Medicine : World health organization reports highest rates of drug-resistant tuberculosis to date
Washington DC /Geneva – Multidrug-resistant tuberculosis (MDR-TB) has been recorded at the highest rates ever, according to a new World Health Organization (WHO) report that presents findings from the largest survey to date on the scale of drug resistance in tuberculosis.
The report, Anti-Tuberculosis Drug Resistance in the World, is based on information collected between 2002 and 2006 on 90 000 TB patients in 81 countries. It also found that extensively drug-resistant tuberculosis (XDR-TB), a virtually untreatable form of the respiratory disease, has been recorded in 45 countries.
The report also found a link between HIV infection and MDR-TB. Surveys in Latvia and Donetsk, Ukraine found nearly twice the level of MDR-TB among TB patients living with HIV compared with TB patients without HIV.
Based on analysis of the survey data, WHO estimates there are nearly half a million new cases of MDR-TB--about 5% of the total nine million new TB cases--worldwide each year. The highest rate was recorded in Baku, the capital of Azerbaijan, where nearly a quarter of all new TB cases (22.3%) were reported as multidrug-resistant. Proportions of MDR-TB among new TB cases were 19.4% in Moldova, 16% in Donetsk in Ukraine, 15% in Tomsk Oblast in the Russian Federation and 14.8% in Tashkent in Uzbekistan.
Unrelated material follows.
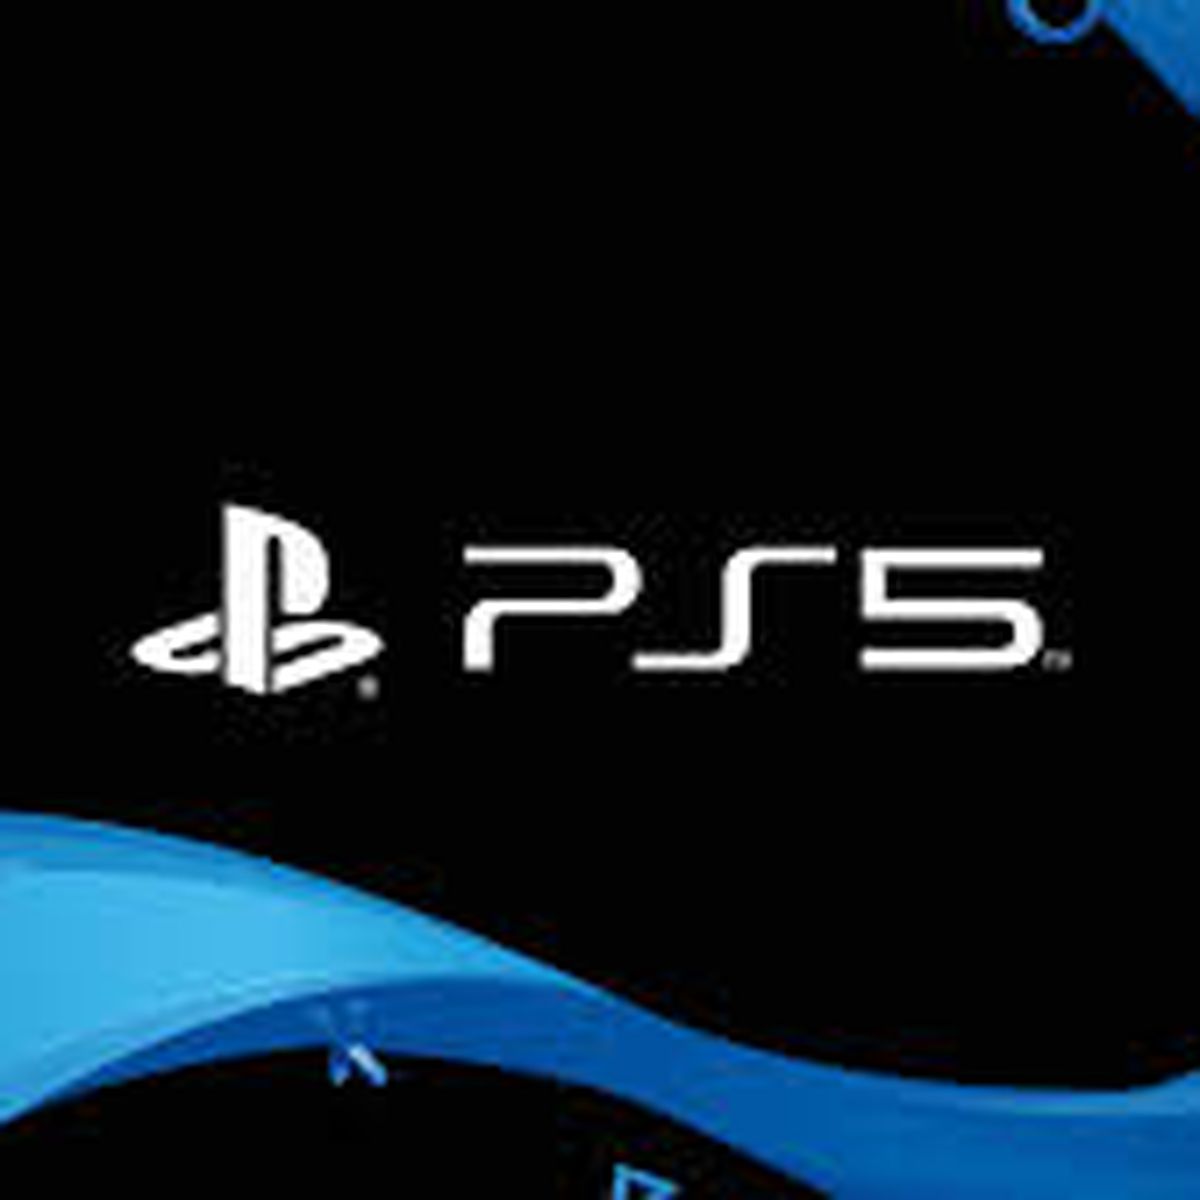 SenasNerd - Preço e a data de lançamento da PS5 atualizados O

These rates surpass the highest levels of drug resistance published in the last WHO report in 2004. Surveys in China also suggest that MDR-TB is widespread in that country.
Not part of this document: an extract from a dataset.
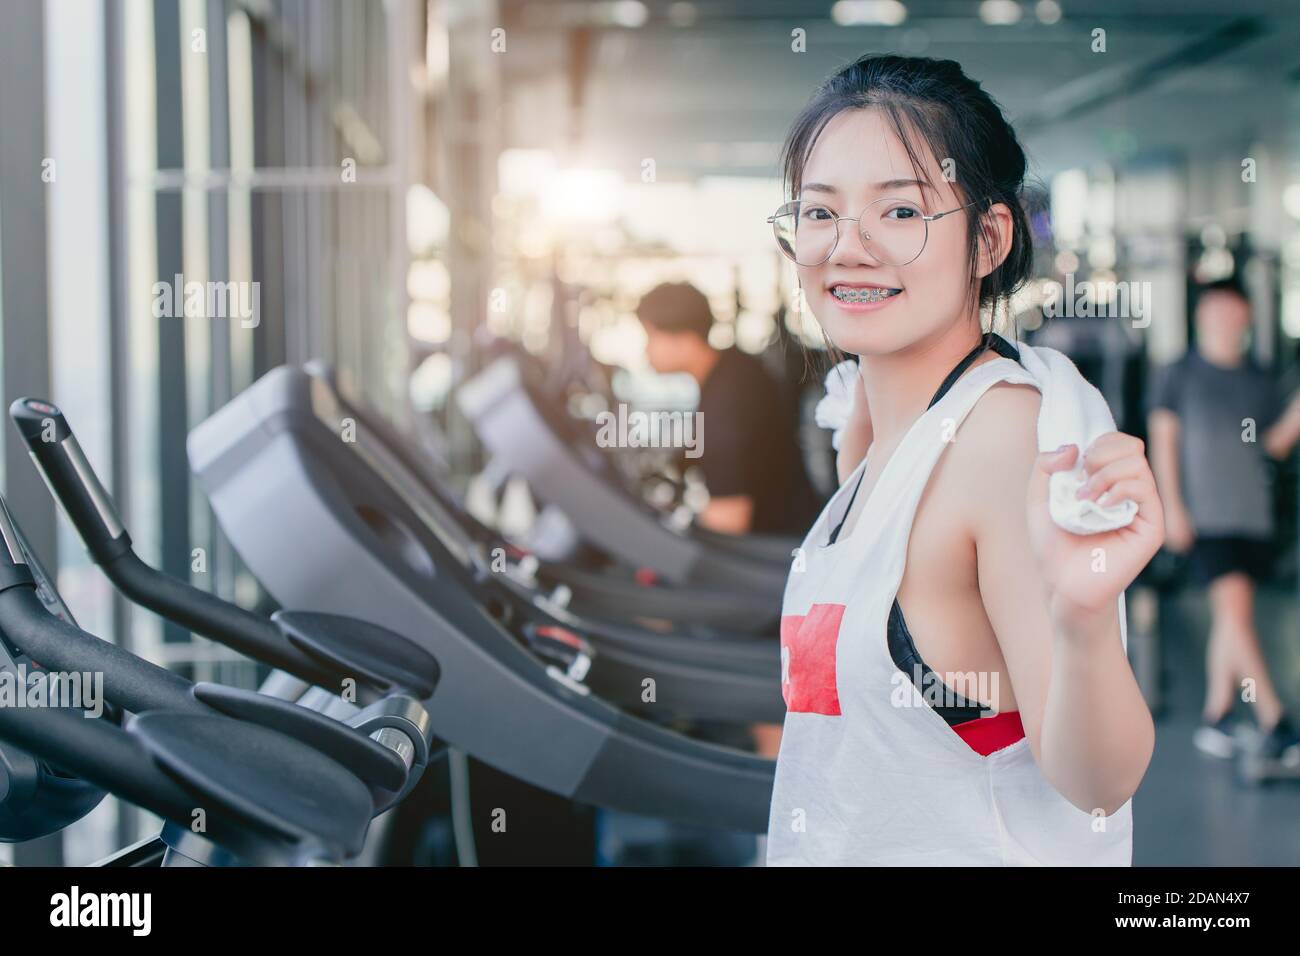 Asiatische Teenager Zahnspange Mädchen Cardio-Training Übung im Sportverein Mit einem Handtuch auf den Schultern lächelnd nach dem Training auf dem Laufband In der Turnhalle suchen Camcorder Stockfoto

"TB drug resistance needs a frontal assault. If countries and the international community fail to address it aggressively now we will lose this battle," said Dr Mario Raviglione, Director of the WHO Stop TB Department. "In addition to specifically confronting drug-resistant TB and saving lives, programmes world-wide must immediately improve their performance in diagnosing all TB cases rapidly and treating them until cured, which is the best way to prevent the development of drug resistance."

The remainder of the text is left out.